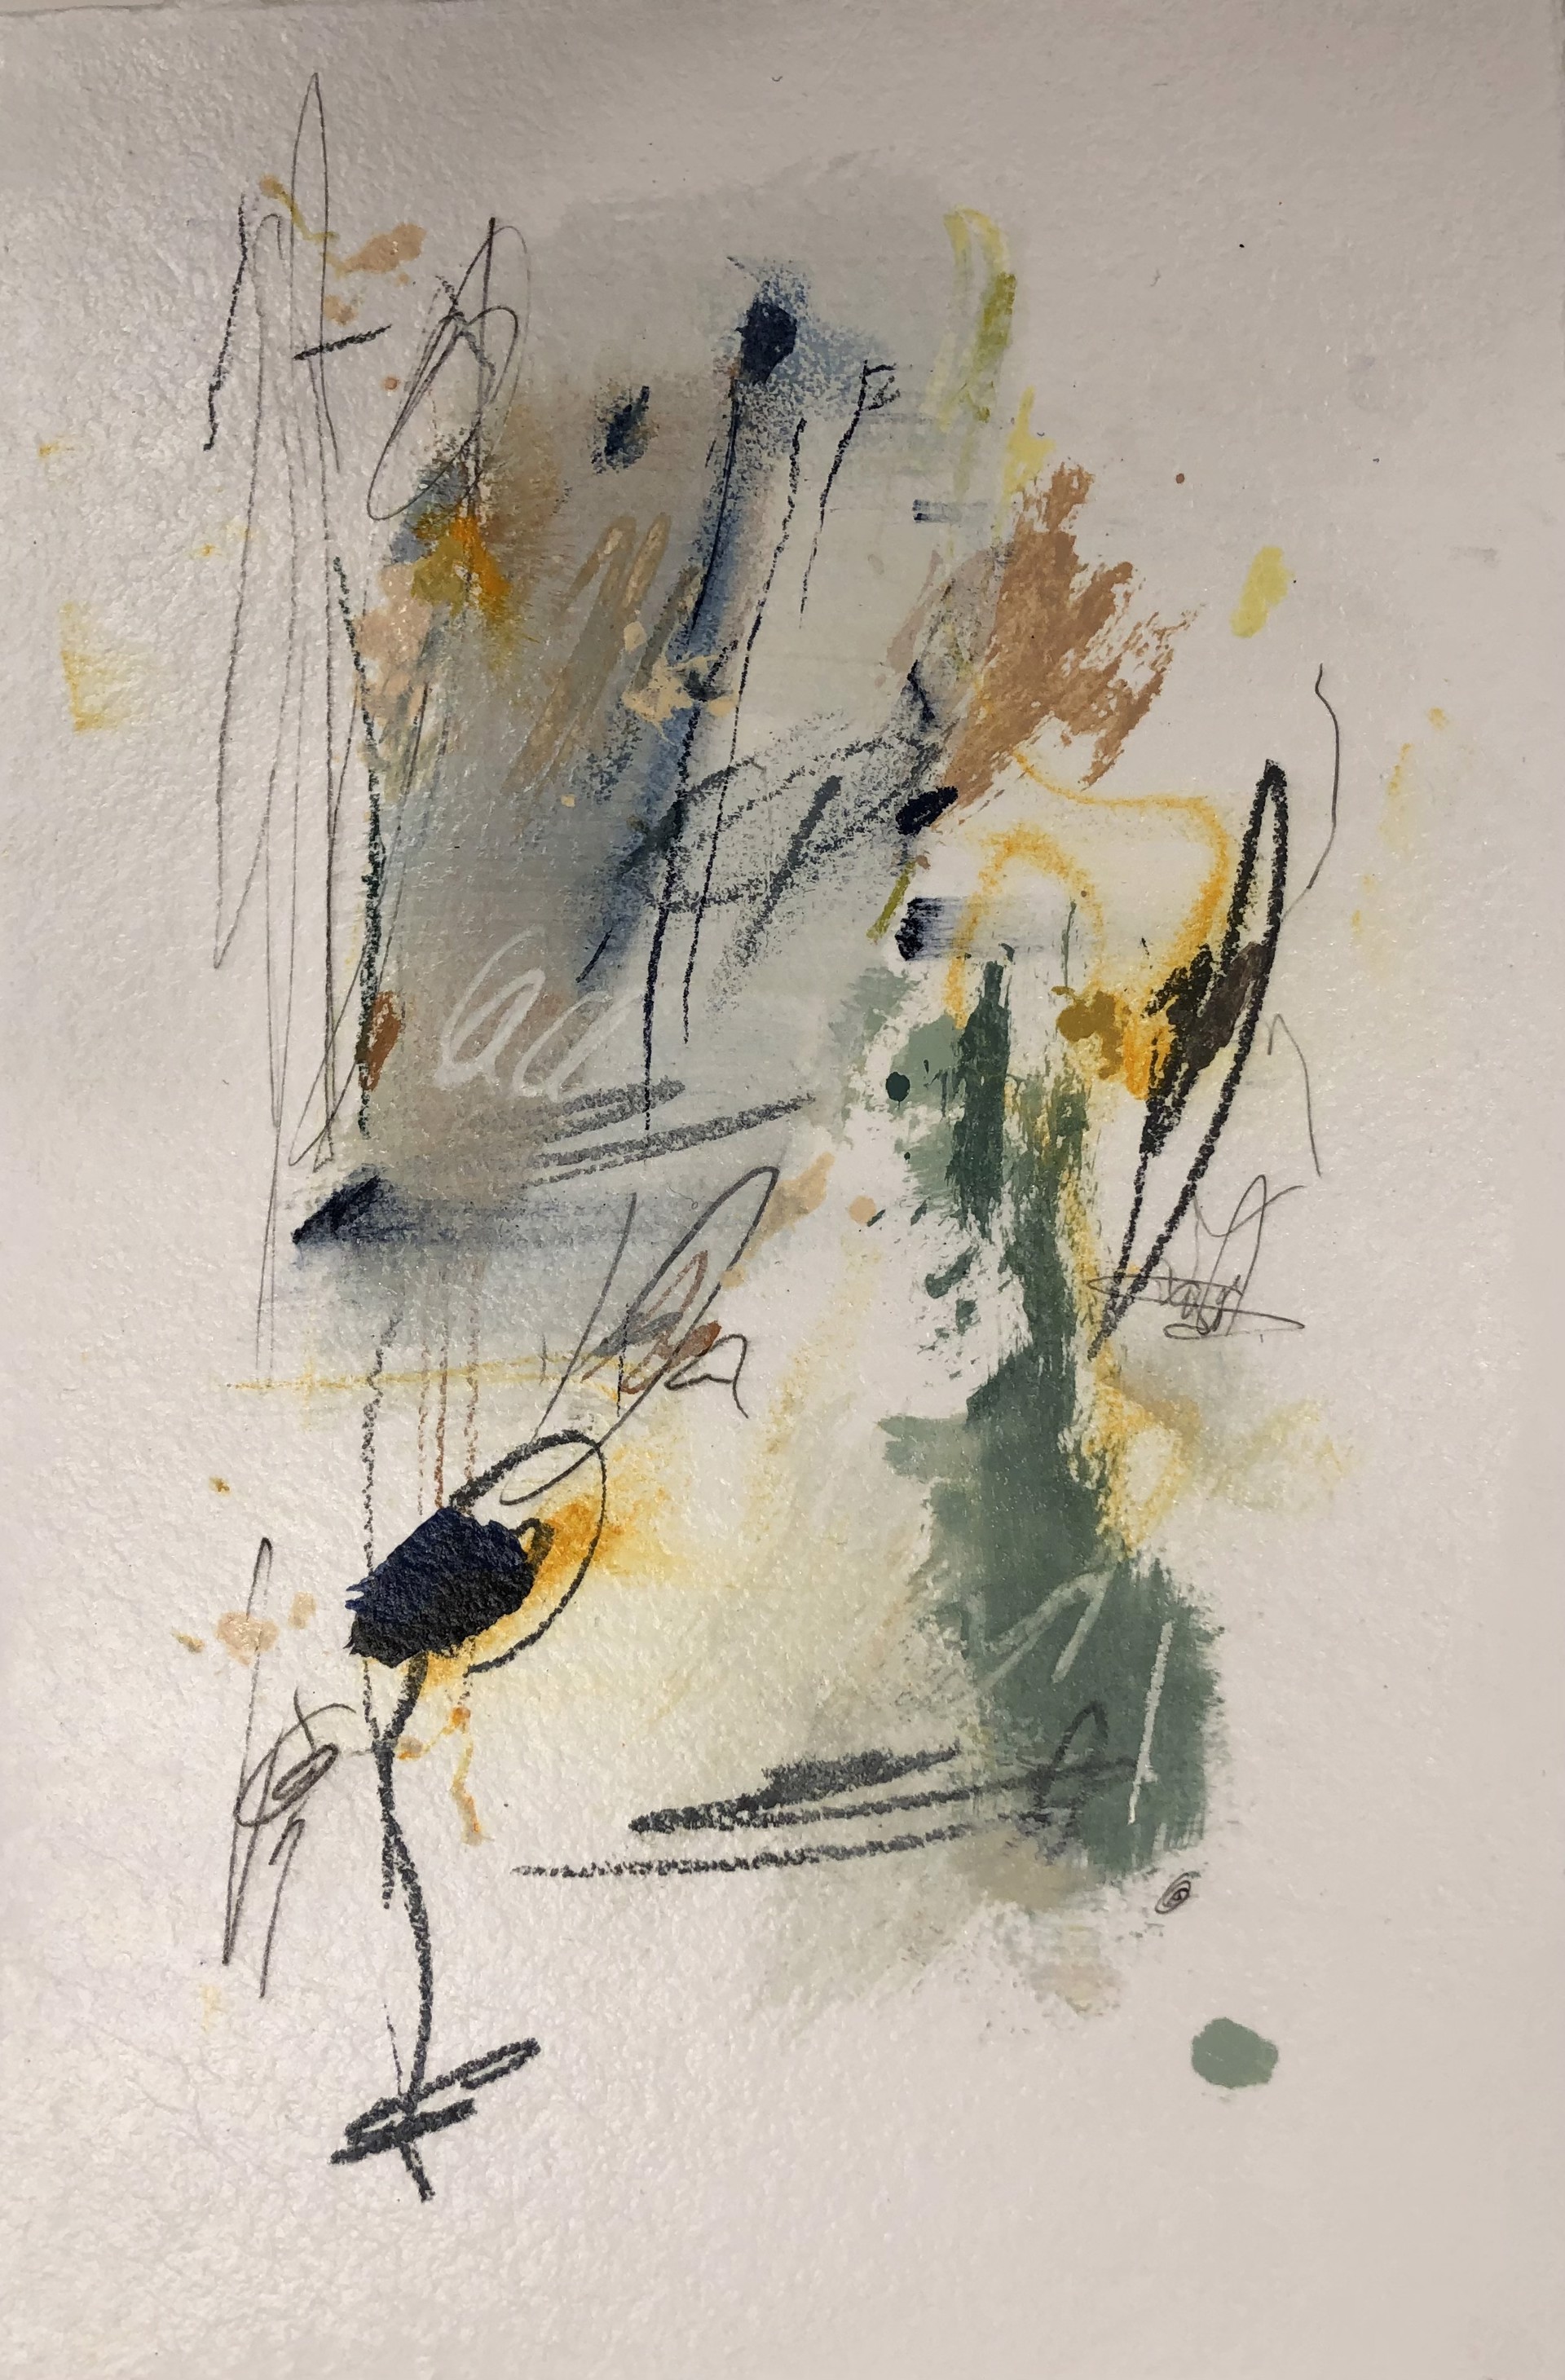 LADY BIRD by Michael J. Cisarik
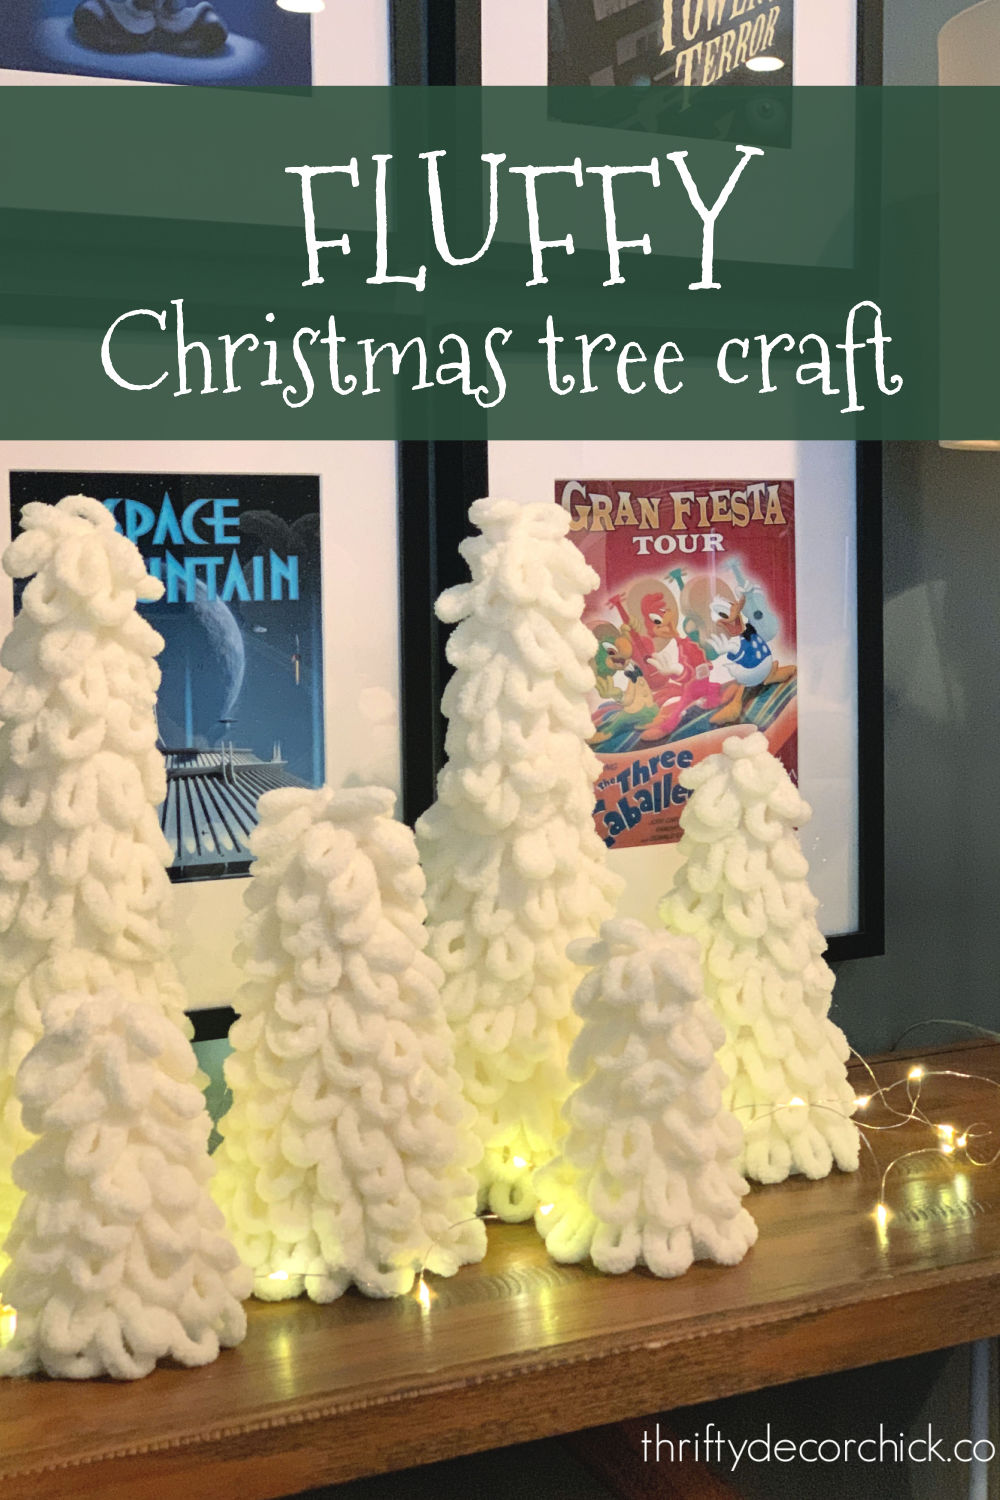 DIY Yarn-Wrapped Christmas Trees - Practical Stewardship
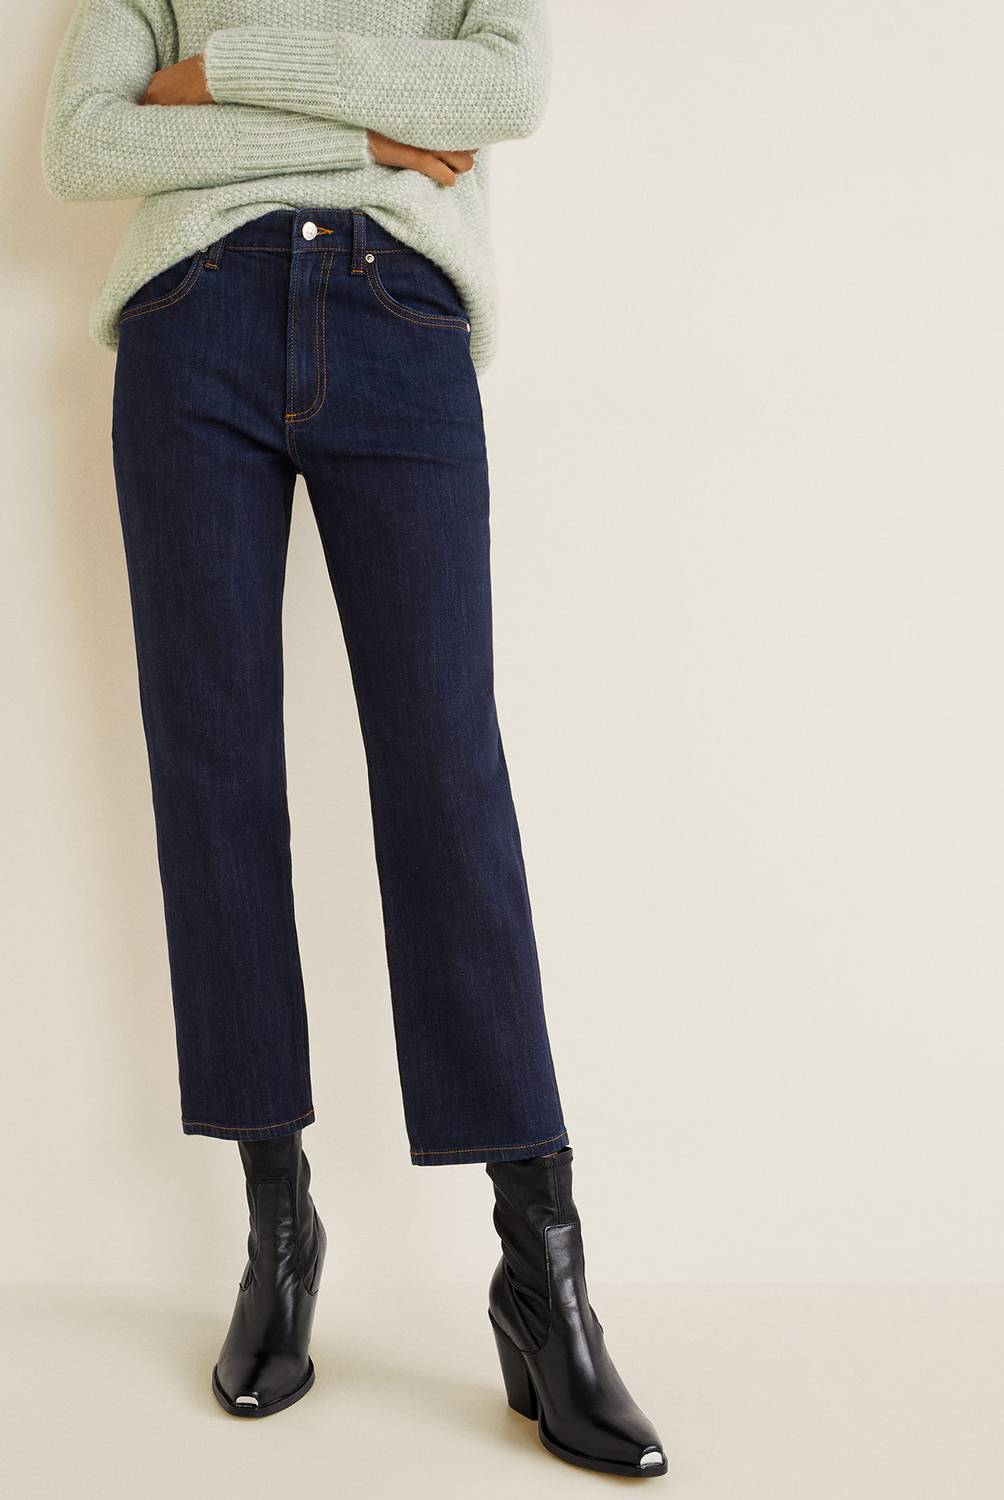 MANGO - Jeans de Algodón Skinny Fit Mujer
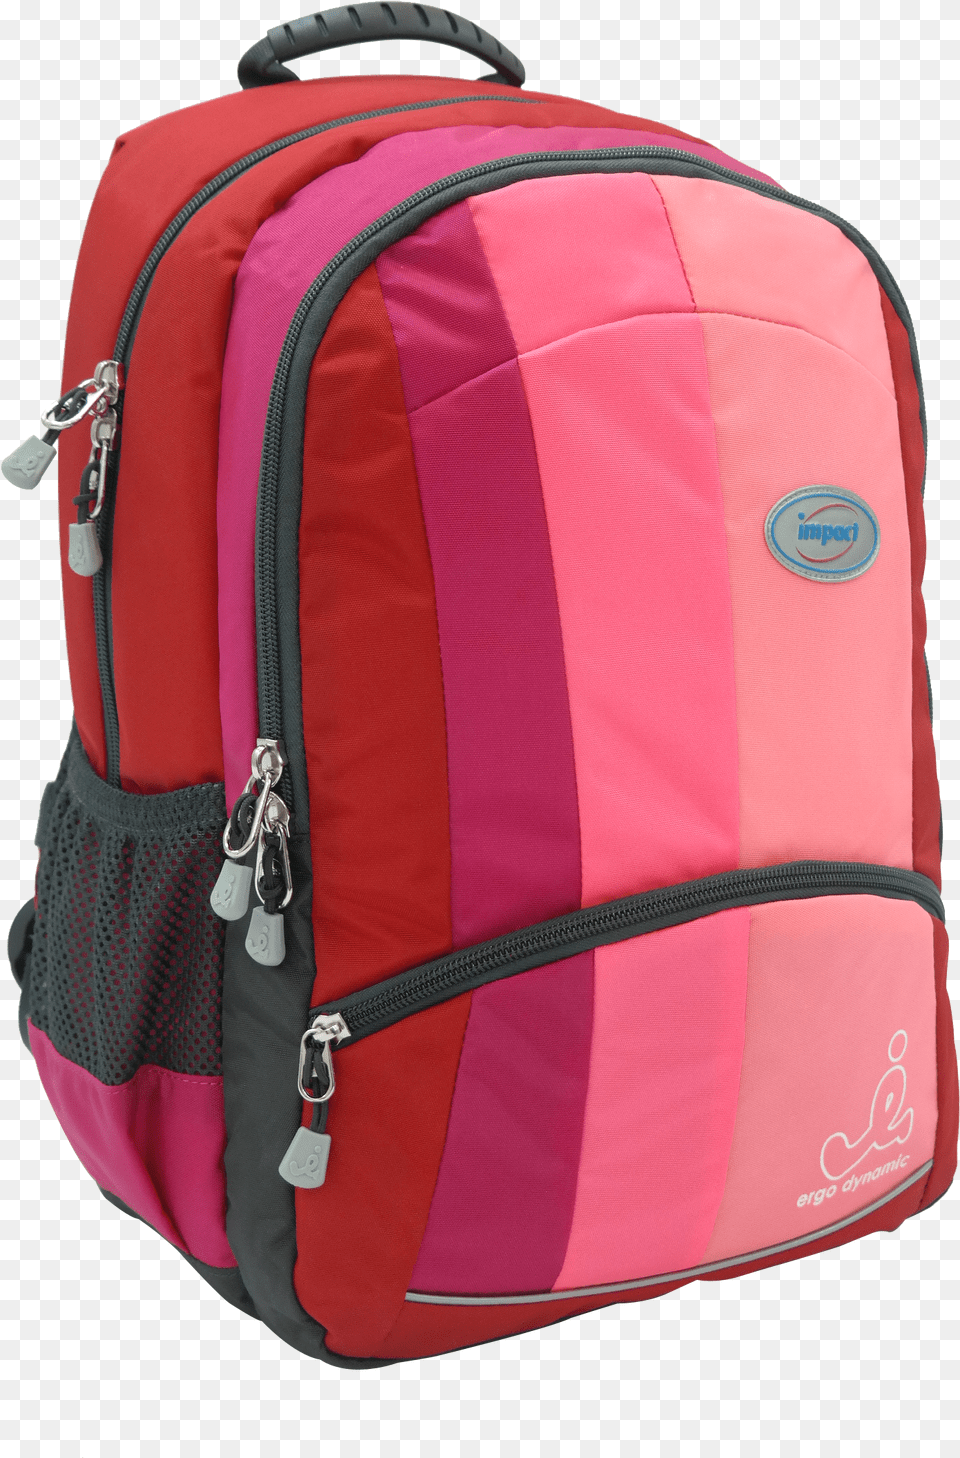 Impact Ergonomic Backpack Ipeg 130 Pink School Bags Transparent, Bag Free Png

• WHAT YOU HAVE TO DO
The pictures in the listing above are to be dropped, and everything else reproduced exactly.

• WRITTEN SOLUTION
 LADY BIRD by Michael J. Cisarik
 DIY Yarn-Wrapped Christmas Trees - Practical Stewardship
 MANGO - Jeans de Algodón Skinny Fit Mujer
 Impact Ergonomic Backpack Ipeg 130 Pink School Bags Transparent, Bag Free Png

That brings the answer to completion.